И у нее не было ни малейших сомнений, что Престон улыбнулся бы ей, если б она оторвалась от книги про свинолюдей, чтобы извиниться, и сказал: «Да ладно, все нормально, тыковка, каждый допускает ошибки». От таких мыслей по коже бежали мурашки, но не думать об этом она не могла.
В этот самый момент inamorata[97] доктора Дума ожидала его, шустрая, как студень, проворная, как головка сыра. Волнующая перспектива любовных ласк возбуждала, так что за обедом доктор Дум не засиделся. Быстро поел и вернулся в спальню, на этот раз затворив за собой дверь, оставив на обеденном столе пакеты, контейнеры, грязные пластмассовые ложки в полной уверенности, что Лайлани приберет за ним.
Как только за ним закрылась дверь, девочка выпорхнула из постели, схватила пульт дистанционного управления, включила какую-то напрочь лишенную юмора комедию положений. Звук оставила не слишком громкий, но достаточный для того, чтобы заглушать проявления страсти, которые в противном случае могли доноситься из спальни в дальнем конце дома на колесах.
Пока инкубатор чудо-детей лежала бесчувственная, как полено, пока Престон только ему ведомыми способами утолял свою страсть в любовном гнездышке, Лайлани приподняла изножие матраса, в правом углу оторвала две полоски изоляционной ленты, сунула руку в разрез, нащупала пластиковый пакет, в который много месяцев тому назад завернула нож, чтобы он под действием вибрации постепенно не ушел в глубь матраса.

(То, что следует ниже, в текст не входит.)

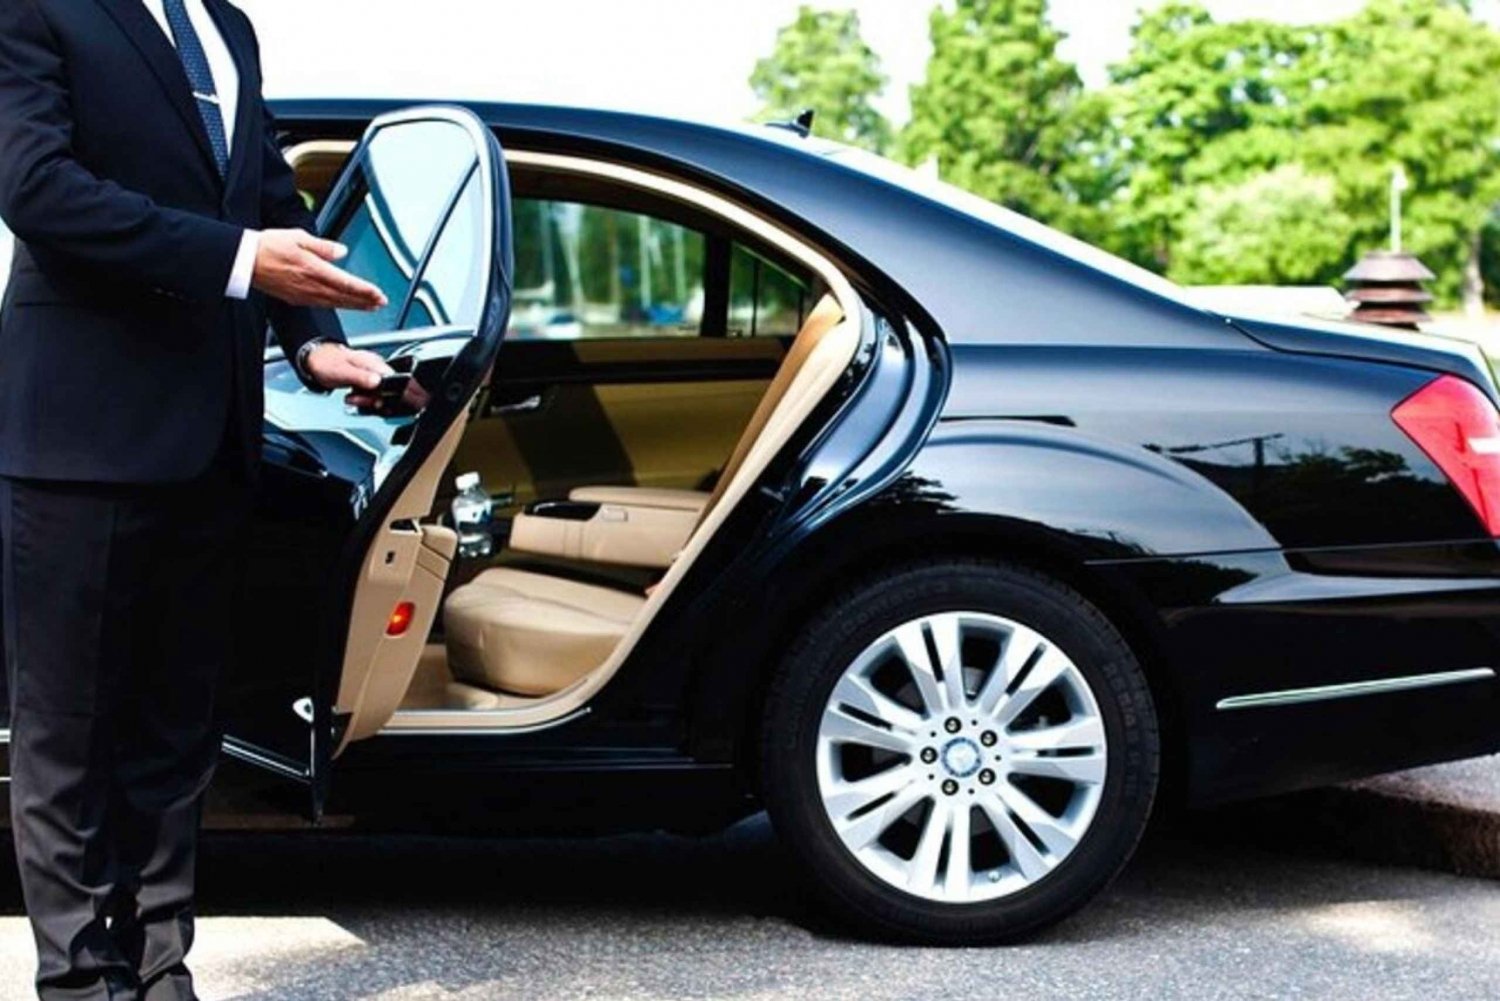 Malta Airport: Private Hotel Transfer from Airport
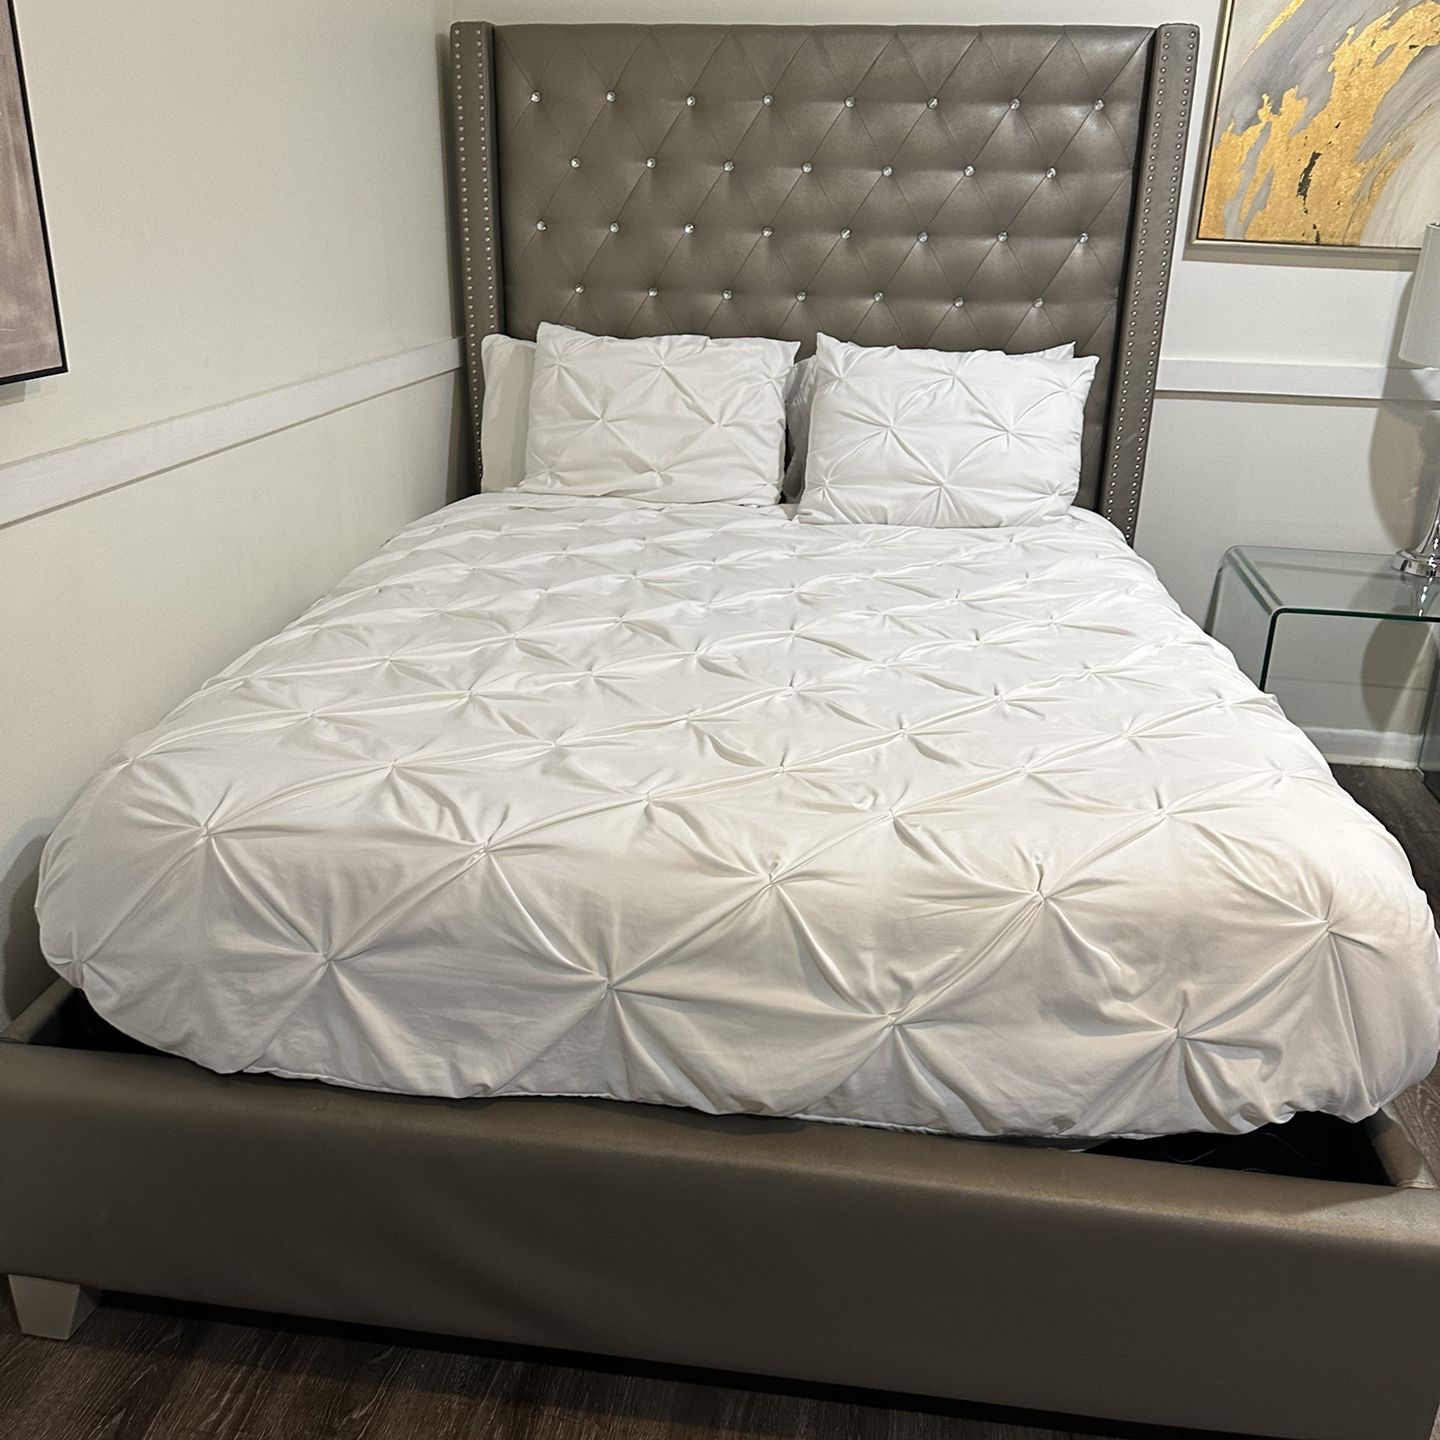 Queen Bed, Frame Only $300

И сразу поняла, что пакетик стал другим. Изменились размер, форма, вес.
Пластик был прозрачным, поэтому, вытащив его, она сразу увидела, что лежит в нем не нож, а статуэтка пингвина, не так давно принадлежавшая Тетси, безделушка, которую Престон принес с собой, потому что она напомнила ему Луки, зловещий сувенир, который Лайлани оставила Дженеве Дэвис.
Глава 58
Полночь в Сакраменто: этим трем словам никогда не быть названием романа или бродвейского мюзикла.
Так же, как любой город, Сакраменто обладал своей особенной красотой и очарованием. Но для занятого собственными заботами, уставшего путника, прибывшего в столь поздний час, ищущего дешевый мотель, столица штата казалась скучным и унылым местом.
Съезд с автострады привел Микки в совершенно пустынный коммерческий район: ни прохожих на тротуарах, ни автомобилей на мостовой. Акры и акры бетона и стекла, которые придавливали ее к земле, несмотря на многоцветье неоновых вывесок. Яркий свет соседствовал с глубокими тенями, которые сбивали с толку, создавали средневековую атмосферу. В какой-то момент она даже приняла груду опавшей листвы в сливной канаве за кучу дохлых крыс. И подумала, что скоро увидит труп человека, умершего от чумы.
Несмотря на пустынность улиц, тревога ее имела внутренние, а не внешние причины. Поездка на север заняла слишком много времени, и чуть ли не все это время было занято мыслями о том, что она может подвести Лайлани.
Наконец Микки нашла мотель, цены которого могла себе позволить, и ночной портье оказался и живым, и принадлежащим к этому столетию. Его футболка настаивала, что «ЛЮБОВЬ – ВОТ ОТВЕТ!». С маленьким зеленым сердечком вместо точки в восклицательном знаке.
Она занесла чемодан и сумку-холодильник в свой номер на первом этаже. По дороге съела только яблоко, ничего больше.
На дизайнере хозяева мотеля явно сэкономили, поэтому ни о каком подборе цветовой гаммы стен и мебели не могло быть и речи. Однако к чистоте особых претензий быть не могло: если тараканы тут и водились, то не в огромных количествах.
Она села на кровать, рядом поставила сумку-холодильник. Ледяные кубики в непромокаемых мешочках растаяли только наполовину. Кока в банках осталась холодной.